I get your point, but would rephrase: When Spirit isn’t embraced, Ego rushes in to fill the void with twisted thoughts and imaginings.

The best way to banish the darkness is to create more Light, Love, and Laughter.

Happy people don’t shoot children.
People in pain do.

14. kateshrewsday - December 15, 2012

Thank you, Nancy. The waves of shock reverberated across the ocean to the UK. Horrendous. I believe something rather controversial: that we go out and work and leave the raising of our children to others, and computer games take the place of people: and one of the greatest human skills, empathy, is disappearing with alarming rapidity. We are breeding and raising humans to be selfish, materialistic and self seeking, to count what is theirs and begrudge what is not.So many of us live a disfunctional lifestyle which seems as difficult to change as it would be to change the moon’s effect on the tides. An event like this calls for nothing short of a prophet to say it how it is.

nrhatch - December 15, 2012

I agree completely, Kate . . . “We are breeding and raising humans to be selfish, materialistic, and self-seeking, to count what is theirs and begrudge what is not.”

This tragedy is not about a single dysfunctional human being . . . it, like other recent man-made tragedies, is much broader than the shoulders of one narcissistic shooter having an existential crisis.

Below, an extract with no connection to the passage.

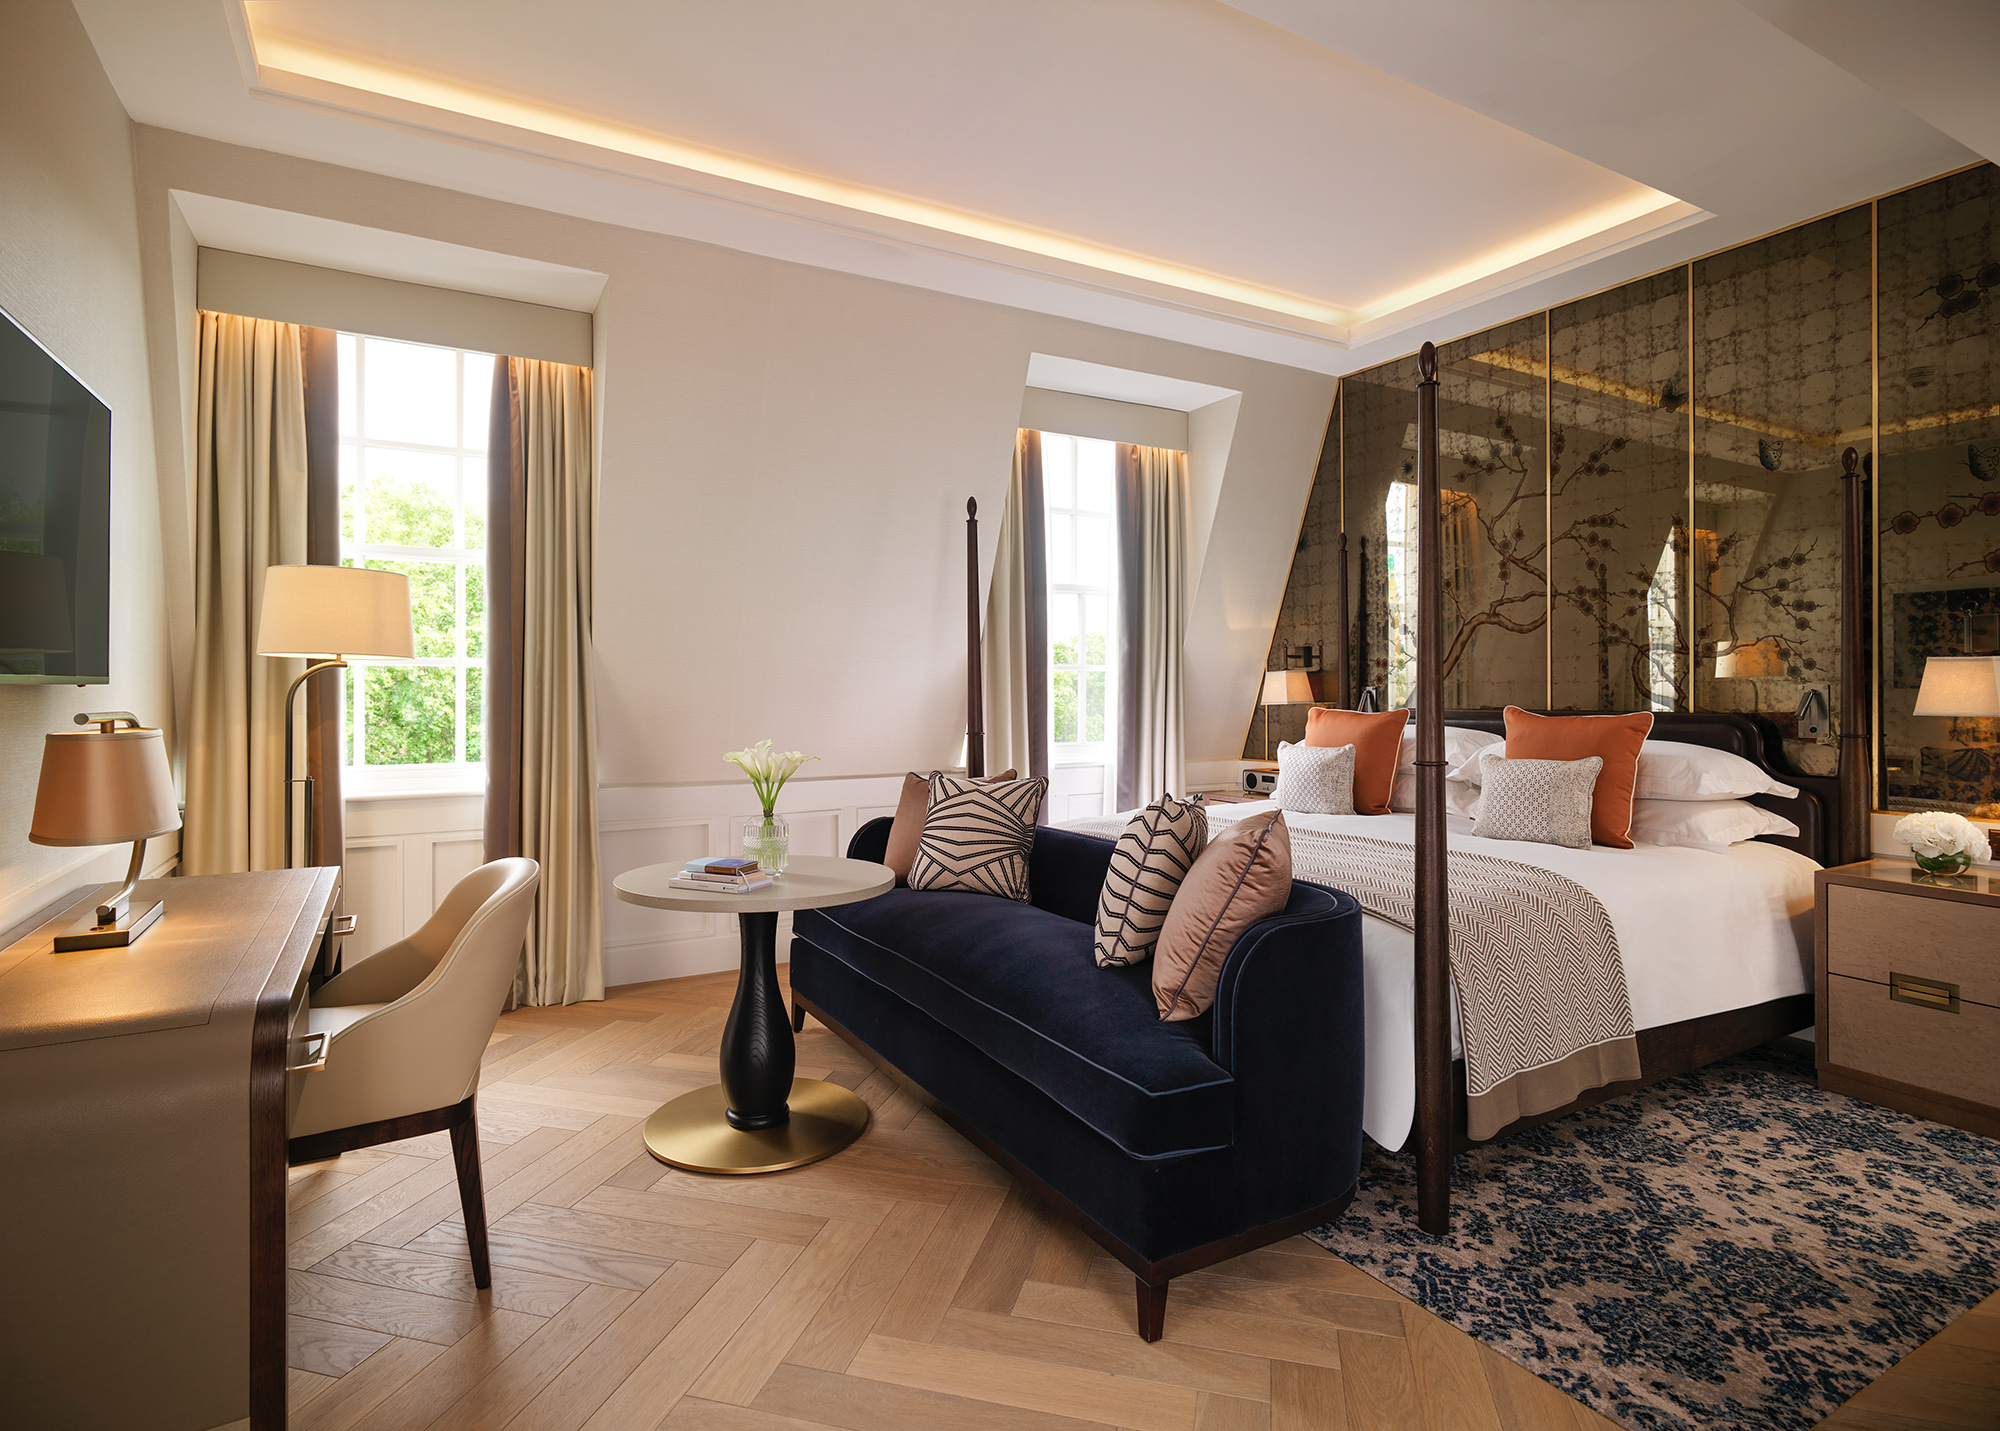 The Biltmore Grosvenor Square View Suite has impressive views over Regency Mayfair
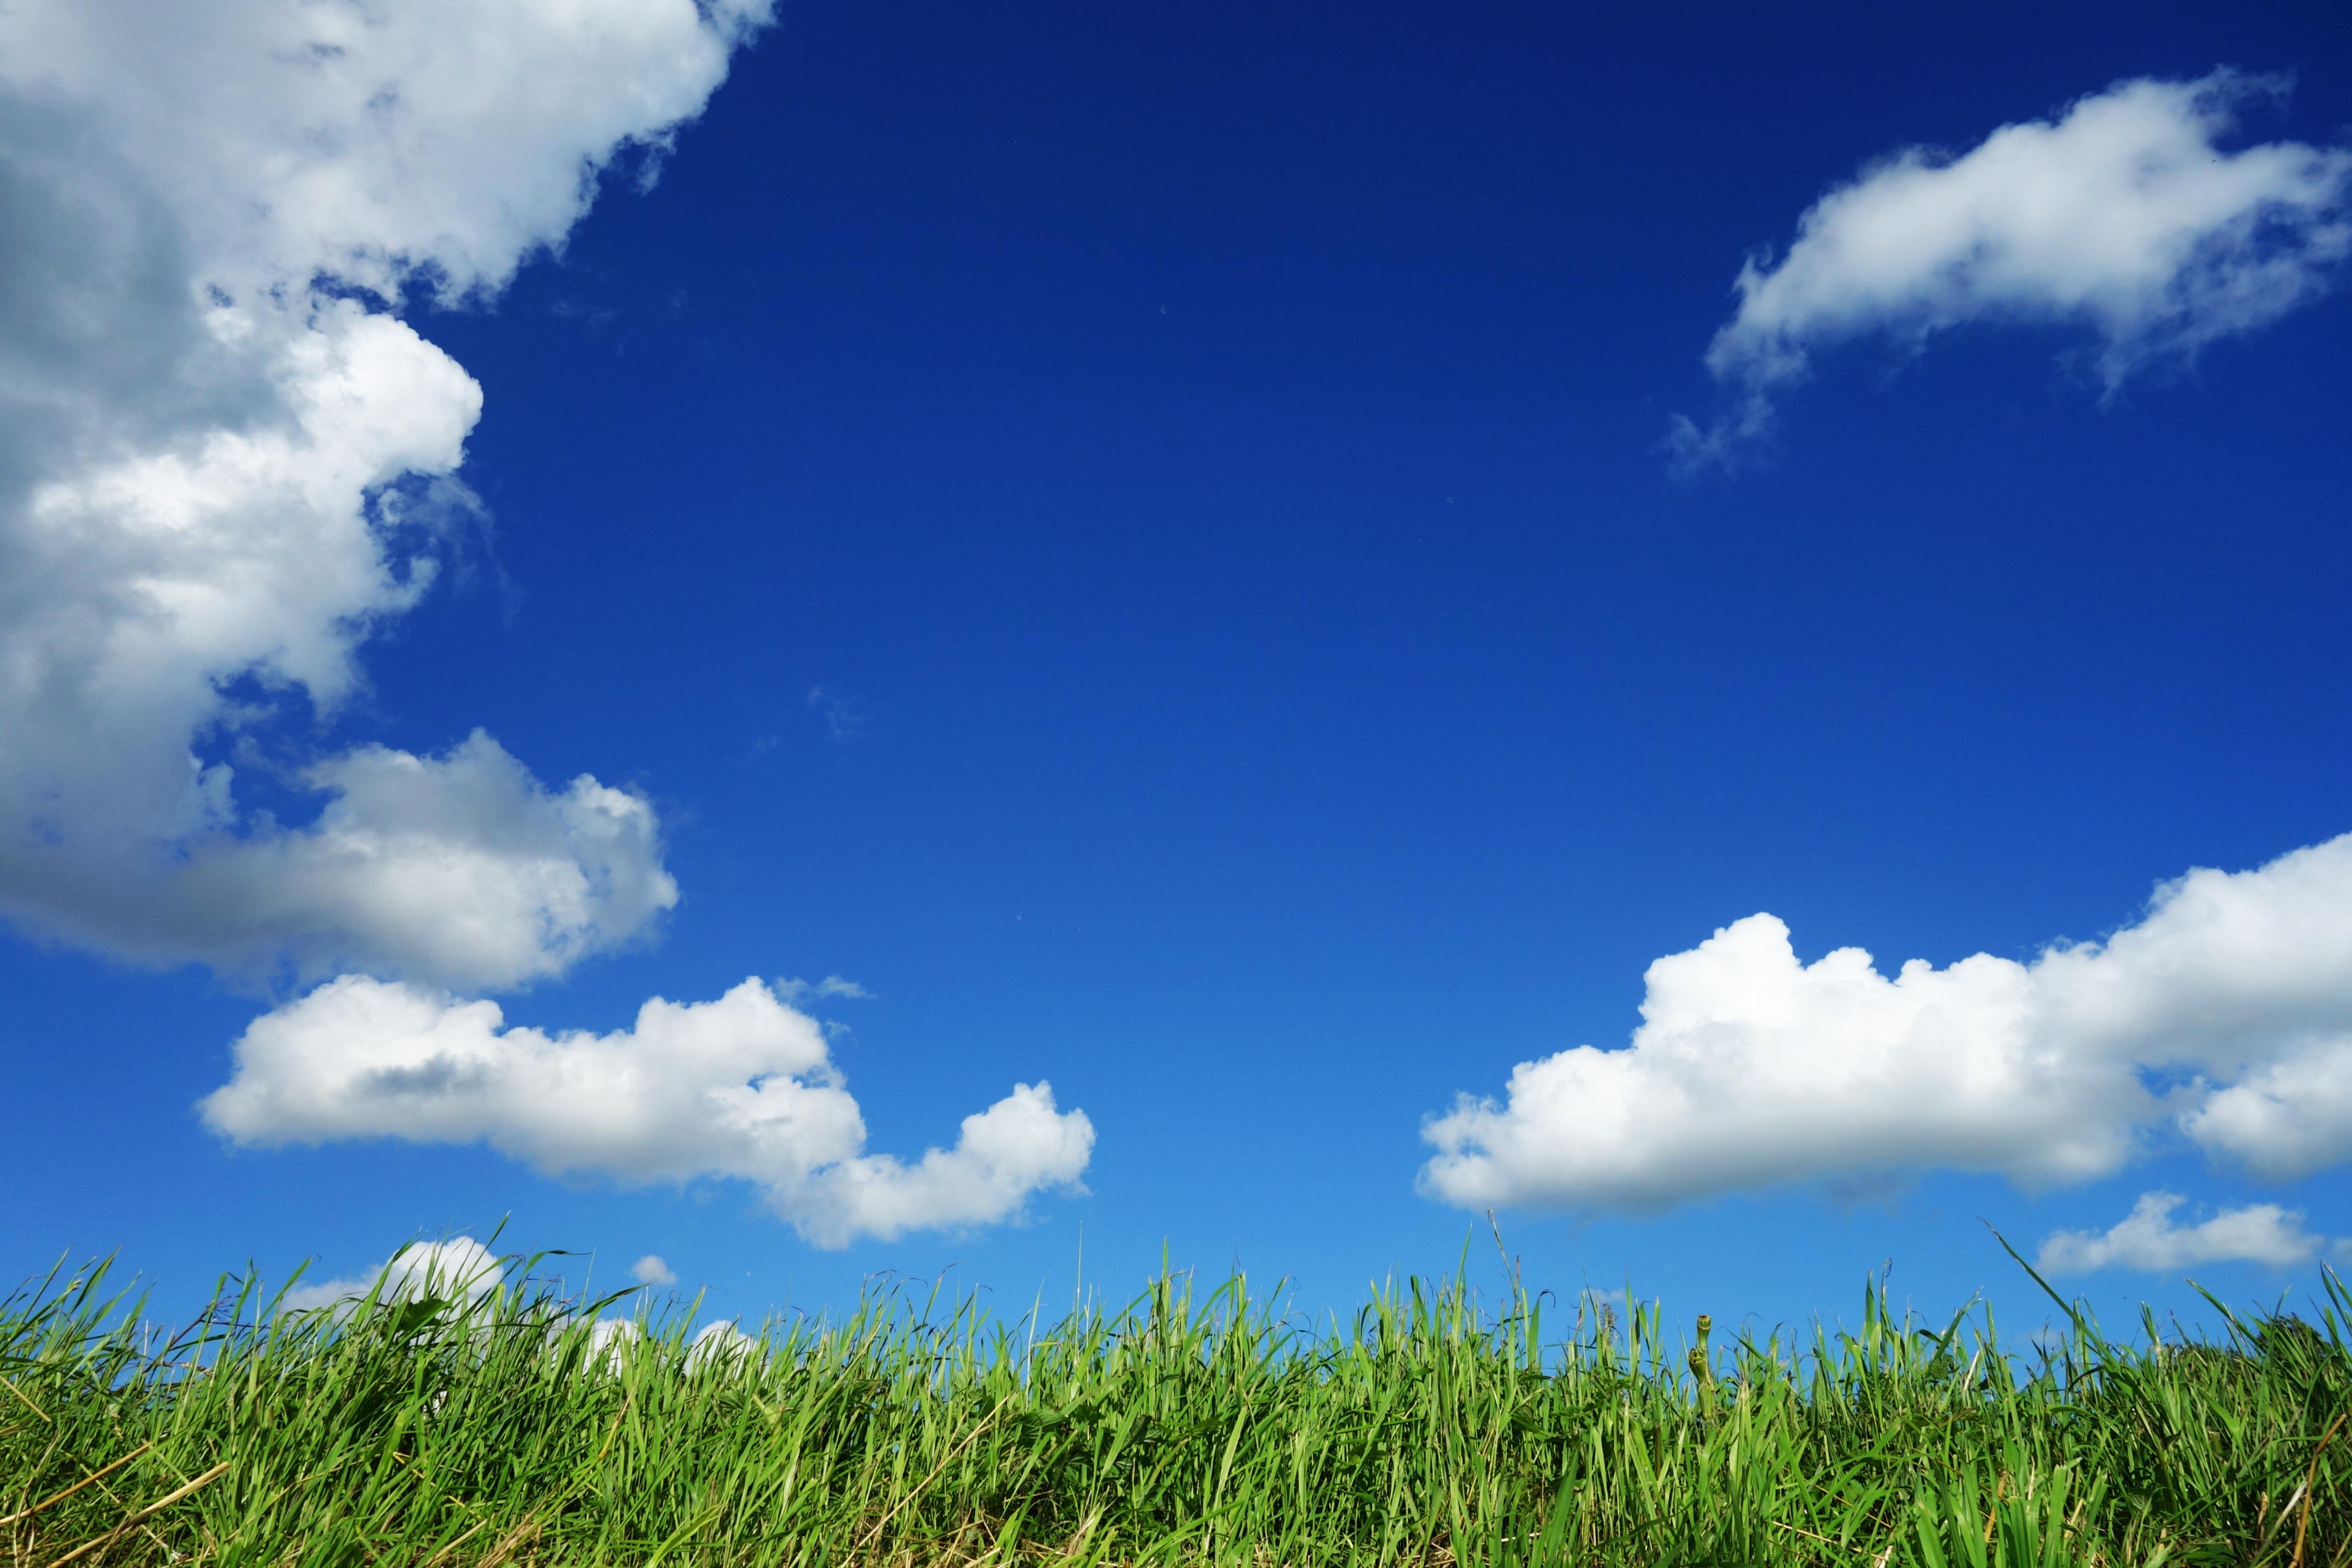 1000 Blauer Himmel Fotos  Pexels  Kostenlose Stock Fotos

If we want to change the game’s outcome . . . we must review and revise the rules.

15. bluebee - December 15, 2012

So many misfits and isolated minds festering away. Unimaginable pain for the families in Connecticut. Little unblossomed blooms – your image speaks volumes.

nrhatch - December 15, 2012

Thanks, BB. Your poem spoke to me as well. Especially:

his fearful look of surprise
at the countless missing pieces
of his Master Plan,

In the midst of the mayhem, it seems the Master Plan has gone awry.

16. Dementia « beeblu blog - December 15, 2012
17. Perfecting Motherhood - December 16, 2012

You always hear the media say the person was depressed. When did it become the norm for a depressed person to go and shoot on dozens of innocents? How come this happens mostly in America and not other countries? Why is everyone so shocked and yet nothing is done to prevent this from happening again? This is so frustrating and sad.

nrhatch - December 16, 2012

I’m not sure that it does happen “mostly in America and not other countries.” Maybe we’re just more focused on what happens here. On Friday, in China, 23 were injured by a man wielding a knife:


“The attack marks the latest in a series of violent assaults at elementary schools in China. In 2010, a total of 18 children were killed in four separate attacks. On March 23 of that year, Zheng Minsheng attacked children at an elementary school in Fujian Province, killing eight.”

“One month later, just a few hours after Zheng Minsheng was executed for his crime, another man, Chen Kanbing wounded 16 students and a teacher in a knife attack at another primary school in Fujian. The following month, on May 12, a man named Wu Huangming killed seven children and two adults with a meat cleaver at a kindergarten in Shaanxi Province. That attack was followed by an August 4 assault by Fang Jiantang, who killed three children and one teacher with a knife at a kindergarten in Shandong Province.”

“In 2011, a young girl and three adults were killed with an axe at an elementary school in Henan Province by a 30-year-old man named Wang Hongbin, and eight children were hurt in Shanghai after an employee at a child care center attacked them with a box cutter.”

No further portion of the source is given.